Во всяком случае, письма этого путешествия пронизаны удовлетворением, которое сам вояжер получает от собственной деловитости:
«За неоставление Клостермана покорно благодарствую. Он пишет ко мне, что в Москве тысячи на три продал. Я отправил к нему со всячиною семнадцать больших ящиков; кажется, что тут мы с ним свой счет найдем».
Эти, новые письма весьма похожи на те, прежние: Европа за несколько лет переменилась мало.

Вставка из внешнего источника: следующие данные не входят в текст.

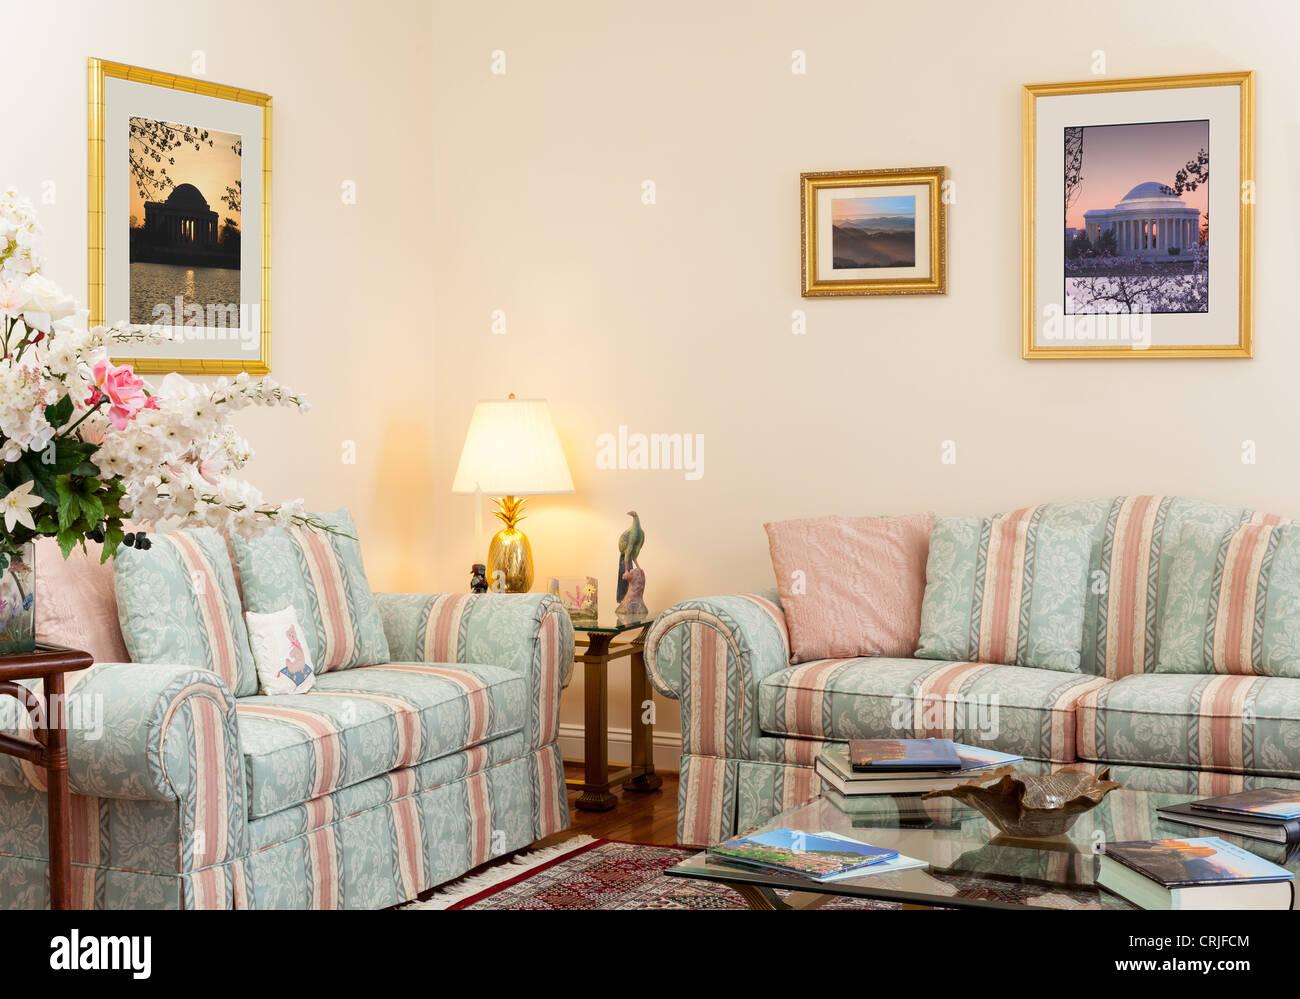 Soggiorno con divano Immagini Stock

Все так же дурны дороги, и все так же это гневит Фонвизина. Однажды, уже в Италии, скверная дорога и скверная погода побудили подлецов почталионов совершить неслыханную дерзость. «Они тихонько выпрягли лошадей и поехали домой спать, а нас бросили на дороге. От семи часов вечера до осьмого утра терпели мы весь ужас пренесносной стужи. Бедные люди замучились и перезнобили ноги. Наконец в девятом часу поутру явились к нам почталионы с лошадьми и насказали нам же превеликие грубости. Если б не жена, которая на тот час меня собою связала, я, всеконечно, потерял бы терпение и кого-нибудь застрелил бы. Здесь застрелить почталиона или собаку — все равно… Англичане то и дело стреляют почталионов, и ни одна душа еще не помышляла спросить: кто кого за что застрелил?»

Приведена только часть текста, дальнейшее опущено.